In the 2018 IIAG, six variables where treated for outliers: Absence of Riots & Protests; Absence of Government Violence against Civilians; Absence of Violence against Civilians by Non-state Actors; Absence of Internally Displaced Persons; Absence of Refugees; and Absence of Malaria.
Missing data
As is frequent with data projects, the majority of the variables included in the IIAG have a degree of missing data, as not all sources publish data for all years and all countries. To ensure continuity and comparability between composite scores over time, it is necessary to estimate values for these years.
Missing data can be located in the interior of the available time series or at the exterior. For the former, the linear interpolation method is used – values are replaced with numbers incrementally higher or lower than the neighbouring data points. For the latter, the missing values are replaced using the closest data point from source (last value carried forward – LVCF – or first value carried backward – FVCB).
Normalisation
Data collected to compute the IIAG are diverse. At source, the variables collected are produced on different scales (e.g. number of refugees can be infinite, or robustness of banks can be bounded on a scale 1-7), and can also have different polarities – higher is better or higher is worse. In order for them to be meaningfully combined and compared, raw data are standardised before being included in the IIAG.
The Foundation employs a statistical process called min-max normalisation whereby all raw data are transformed to a scale of 0.0-100.0 (where a score of 100.0 is the best score a country can achieve). While this constitutes an order-preserving linear transformation of the data, a score of 100.0 after normalisation does not imply that a country’s score in raw data terms is perfect, but rather is the best score on the continent.
Aggregation and weighting
The IIAG uses linear, additive aggregation and weights each sub-component equally within its dimension (e.g. a country’s score in Overall Governance is arrived at by calculating an unweighted average of its four underlying categories – Safety & Rule of Law, Participation & Human Rights, Sustainable Economic Opportunity and Human Development).

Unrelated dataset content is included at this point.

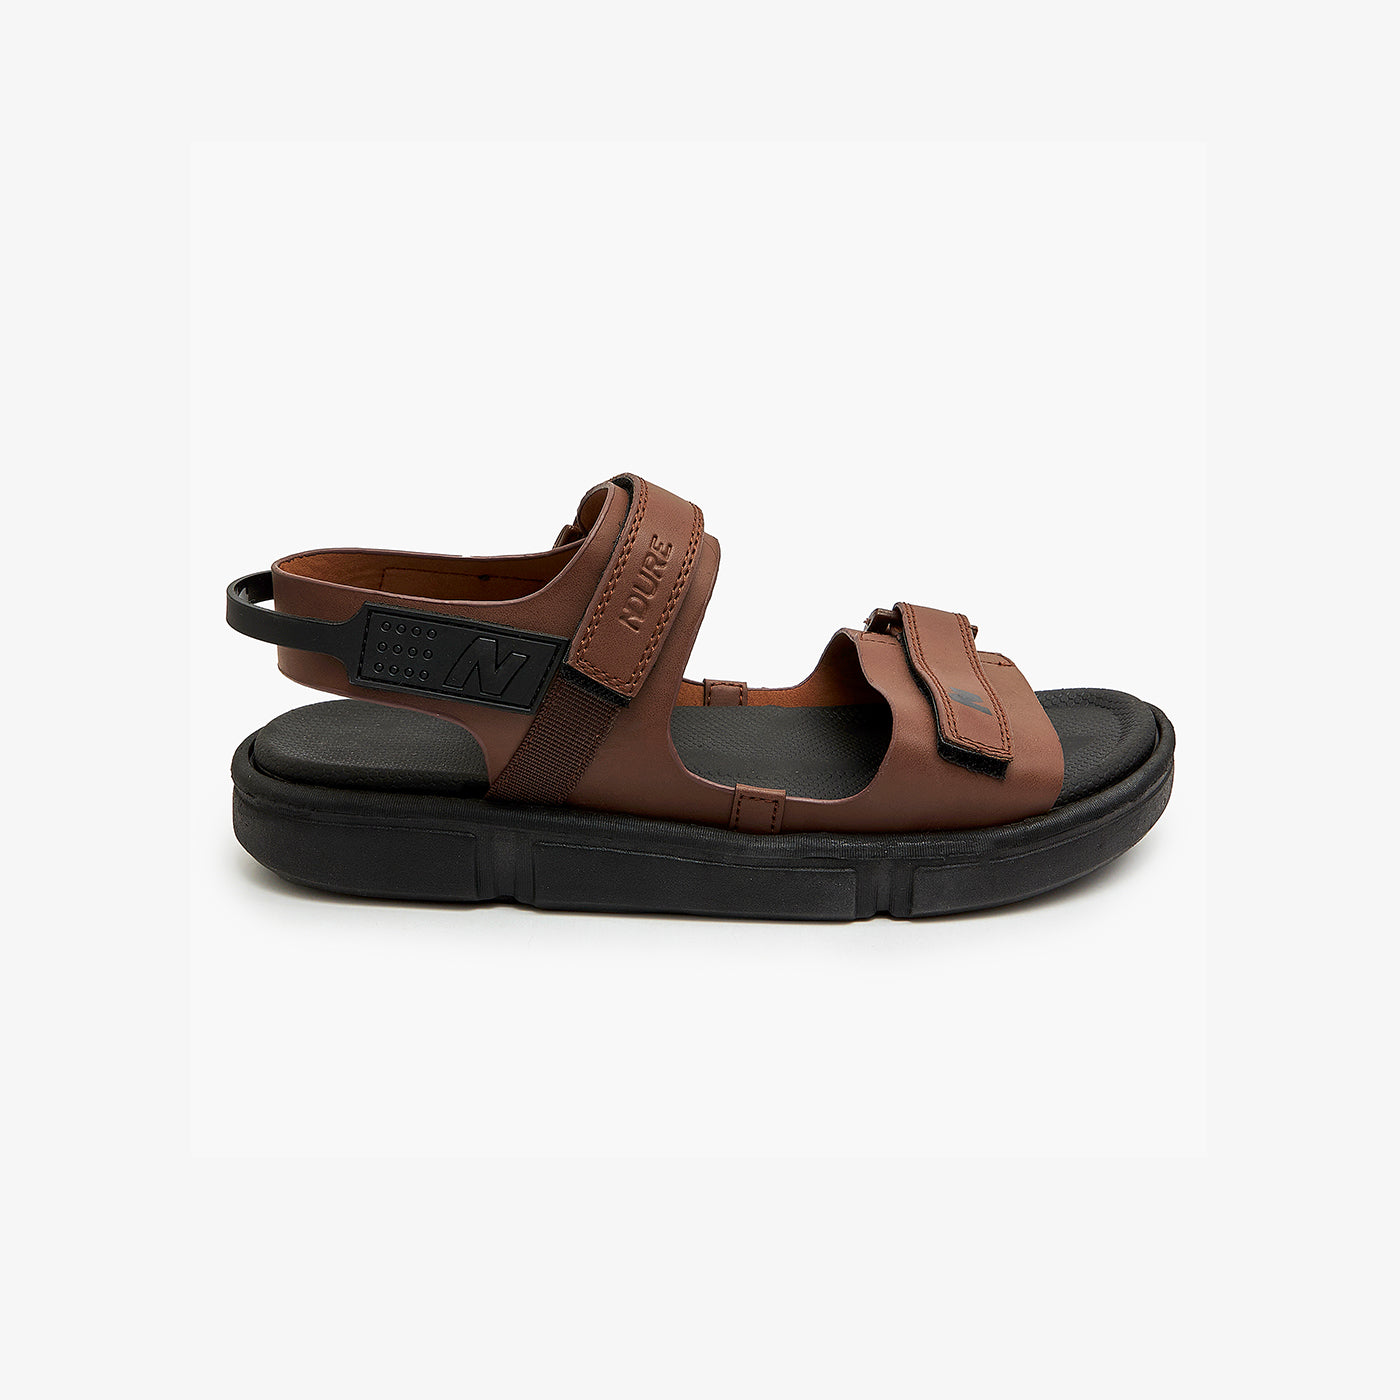 Buy TAN Men's Casual Sandals – Ndure.com

While the weight of all four categories is equal in the Overall Governance composite score, sub-categories have different implicit weightings as a result of the structure of the IIAG. For example, while Human Development is composed of three sub-categories (Welfare, Education and Health), Safety & Rule of Law has four sub-categories (Rule of Law, Transparency & Accountability, Personal Safety, and National Security).
Clustering
A clustered indicator is composed of a number of underlying variables which capture the same dimension. An indicator can be clustered when data on the same narrow issue is available from multiple sources, in order to improve the accuracy of the indicator measurement and avoid over-representing the weight of each variable. For example, Fiscal Policy is measured by two different data sources included in the IIAG: the African Development Bank (AfDB) and the World Bank (WB).
The 2018 data will be released on 29 October.